可是埃布尔需要长期驻扎在南极进行科考,但温妮却喜欢在世界各地追踪鸟类足迹。性格和工作性质完全相反的两人最终还是爆发了无法调和的冲突,最终以温妮离开南极收场。
从此,埃布尔又过上了按部就班的枯燥日子,这个无趣的男人对待科研依旧严谨又认真,但他麻木的面孔上却时时会流露出一丝怀念,也经常会望着一根飞鸟项链出神——那是温妮送给他的礼物。
直到南极漫长的极夜即将来临,埃布尔需要驻守在科考站越冬,那天他收到一封来自肯尼亚的信,他似有所感地打开信,只见寄信人果然是温妮,信中还附上了几张埃布尔从未来见过的鸟类照片,那都是温妮亲手拍下的。
光是透过文字,埃布尔都仿佛能看到温妮拍下这些照片时明媚的眼眸,一如往日。
极夜来临,天慢慢黑下去,但埃布尔的心却亮了起来。
直到极夜过去,南极窥见一丝天光,埃布尔出门迎接第一艘补给船,可没想到他见到的第一个人,竟是站在甲板上向他招手的温妮。
故事本身并不算复杂,但却成了经典流传,实在是两位主演的演技太好,加之导演兰多特的镜头艺术已臻化境,无论是男女主之间的情感变化还是南极神秘美好的景色,都在他的镜头下表现得淋漓尽致。
电影散场,或许是因为景亦同在身边,方新故这次看完《极地信使》,他的关注点竟然落在一个很奇怪的角度:“你说是不是外国人就是比较开放,温妮和埃布尔才认识四五天竟然就能在一起。

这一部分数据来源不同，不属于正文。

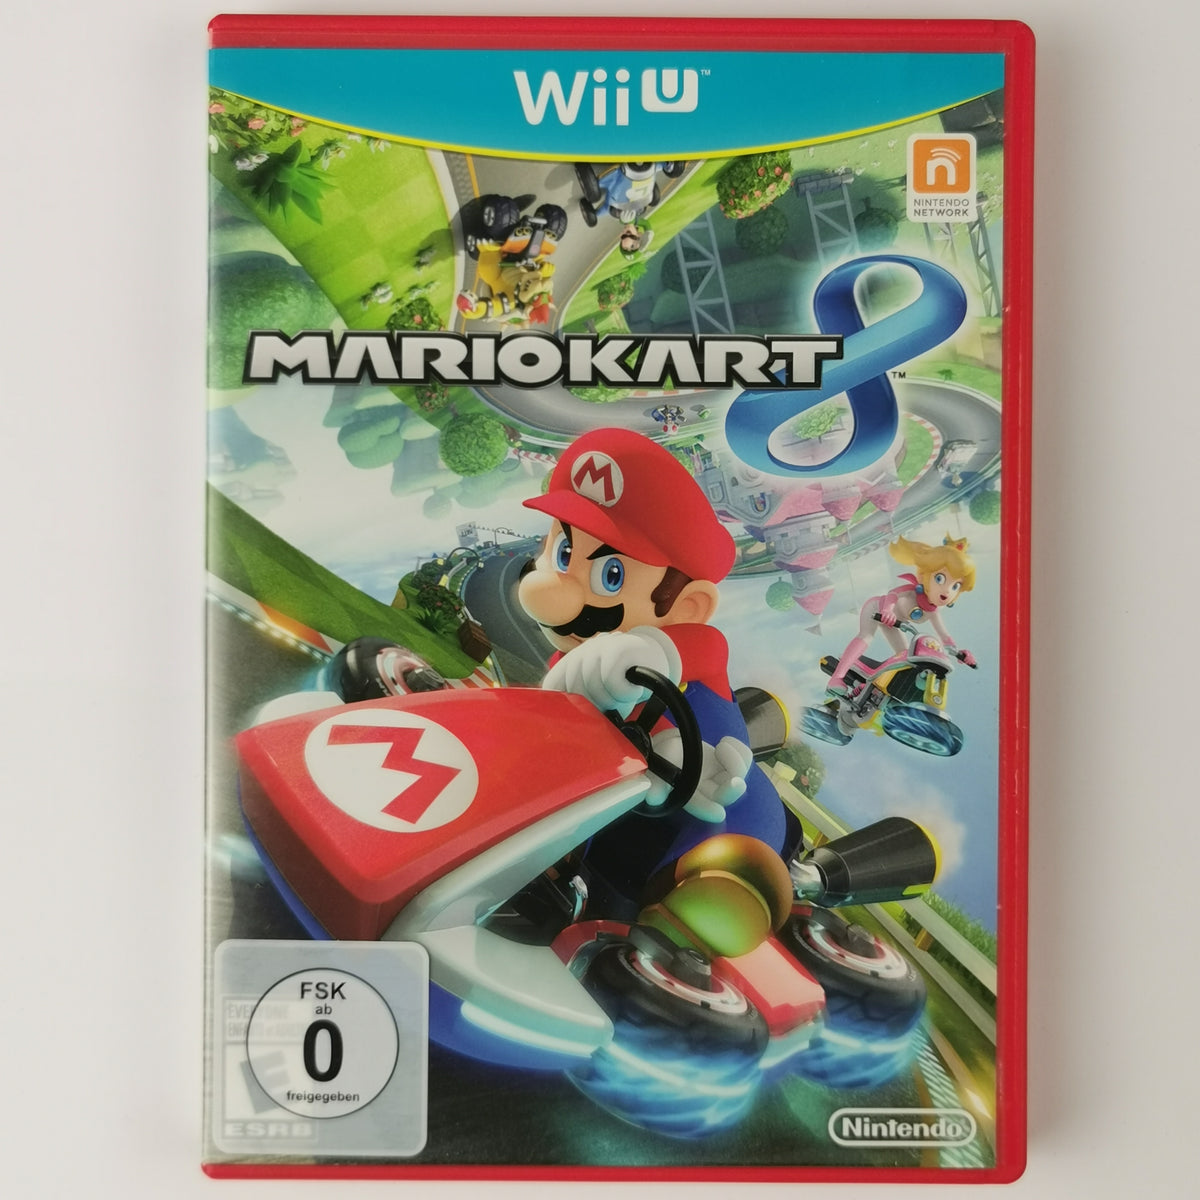 Mario Kart 8 [WIIU] Nintendo Wii U

”他和景亦同都认识二十四五年了,也未必能有个结局。
景亦同沉吟道:“这个不分国别吧,可能感情到了自然水到渠成?”
方新故心里酸溜溜的,心想那能不能给我个机会,也让我们水到渠成一下。
不过他其实从来不看好温妮和埃布尔的感情:“虽然是个开放式的结局,但我觉得他们俩也不一定就能HE,,这两个人性格相差太多,虽然可以互补,但工作上的矛盾又不可调和。”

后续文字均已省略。